How can investments in and for the private sector contribute to development cooperation? This is more or less the key question on the agenda during the current Financing for Development (FfD) negotiations in New York. According to the European Union (EU), the answer lies with the risky use of public resources as a catalyst for private investment. However, this outsourcing of development cooperation to the private sector is accompanied by a serious lack of evidence about the real development impact, transparency, accountability and developing country ownership.
In a way, you have to give the EU credit. By means of a well thought-through communication strategy, the EU has managed to place private finance at the heart of the FfD negotiations, promoting a greater role for development banks such as FMO, and the use of “innovative” financing mechanisms such as public-private partnerships (PPPs) and “blending” – the use of aid money to support companies investing in development. This one-sided narrative in favour of private finance has been highlighted once again by the recently revised draft of the FfD outcome document dated 6 May, which calls “on businesses to apply their creativity and innovation toward solving sustainable development challenges” and states that “an important use of ODA is to catalyse additional resource mobilization from other sources, public and private”, while “blended finance (…) offers significant potential to contribute resources, expertise and technology transfer in support of sustainable development.”
It is expected that the G77 – a group of more than 130 developing countries – will not buy into the revised version, and rightfully so. The G77 has already challenged donor countries in the past over similar language in the zero draft released on 16 March, arguing that “the advantages for developing countries regarding the concept of blended finance are unclear and should be further explained”, and that “in terms of FfD the group is of the view that private finance should not take primacy over public finance”.
- There are significant problems when it comes to demonstrating positive results on development. For example, a 2014 report by the World Bank’s Independent Evaluation Group (IEG) looking into PPPs recently showed that “data are scarce on the effects on the poor” and that the World Bank’s development outcome ratings are insufficient for evaluating PPP projects properly. Oxfam has demonstrated just how detrimental the outcomes for developing country governments can be. In the case of Lesotho, a PPP hospital developed under the advice of the World Bank’s International Finance Corporation (IFC) locked the country’s Ministry of Health into an 18-year contract that is already using more than half of Lesotho’s health budget (51%), while providing high returns (25%) to the private partner. The G77 therefore argues that “the issue of public-private partnerships is important, but we want to caution that there are some risks and that those risks need to be mitigated. There is the experience that sometimes it is the government that is left with all the costs and the private sector with all the profits.”
- Most institutions and facilities leveraging private finance face huge challenges in terms of adequate participation, accountability and transparency. Development banks, for example, face serious transparency problems, especially when dealing with financial intermediaries such as commercial banks and private equity funds, which often hide behind the confidentiality of their clients. This severely limits citizens’ ability to scrutinise the banks properly, and even the banks’ own abilities to track development outcomes – or, equally importantly, to fully respect human rights (see Oxfam’s new report on the human costs of intermediary lending by the World Bank).
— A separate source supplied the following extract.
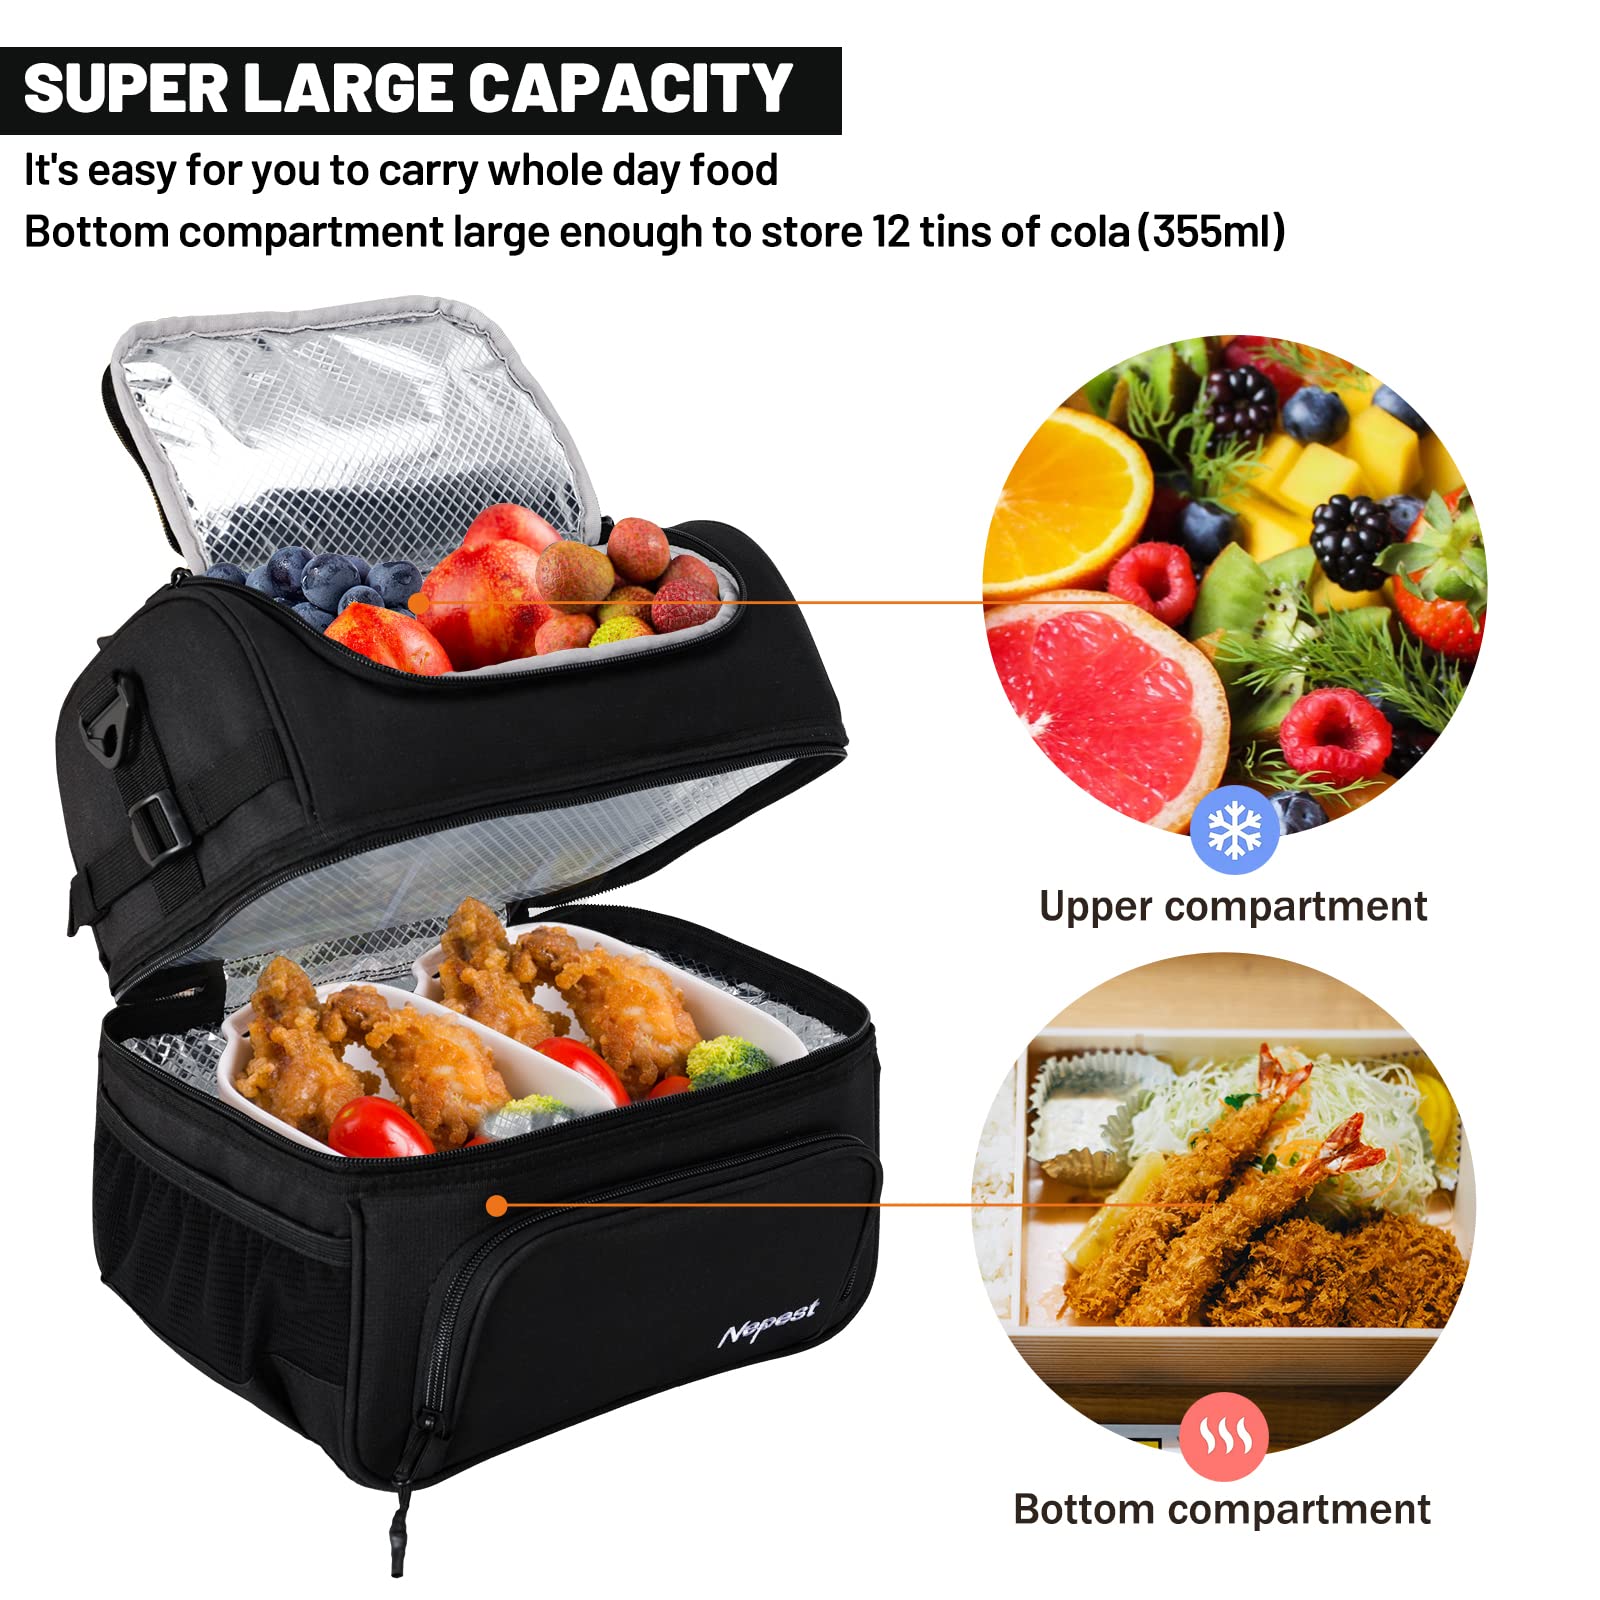 Nepest Large Insulated Lunch Cooler Bag for Adult Men Women 24 Can Heavy Duty Lunch Box Reusable Lunchboxes Leakproof Lunch Pale Soft Coolers Bags with Shoulder Strap for Work Picnic Office, Dark Gray

Furthermore, development banks’ decision-making structures and existing mechanisms are seriously biased in favour of developed countries. There is no formal representation of developing countries’ governments on the banks’ boards, thus substantially undermining the level ownership of investment decisions by partner countries. (The FMO, for example, is 51% owned by the Dutch state and 49% by commercial banks, trade unions and other members of the private sector. Even in cases like the controversial Barro Blanco dam in Panama – a project suspended by the local government due to social and environmental concerns and investigated by FMO’s complaint mechanism – the FMO actively lobbies the Panama authorities to continue business as usual, despite the serious development concerns raised). Likewise, the governance structure of regional blending facilities, which carry out EU blending operations in different regions around the world where the EU has development policies, gives preferential decision-making treatment to the European Commission.
- There is a high risk that private companies will be subsidised for investments that they would have made anyway, thus potentially displacing other investors. A report by the European Court of Auditors on EU blending activities during the period 2007-2013 claimed that “the need for a grant to enable the loan to be contracted was demonstrated for only half of the project examined”.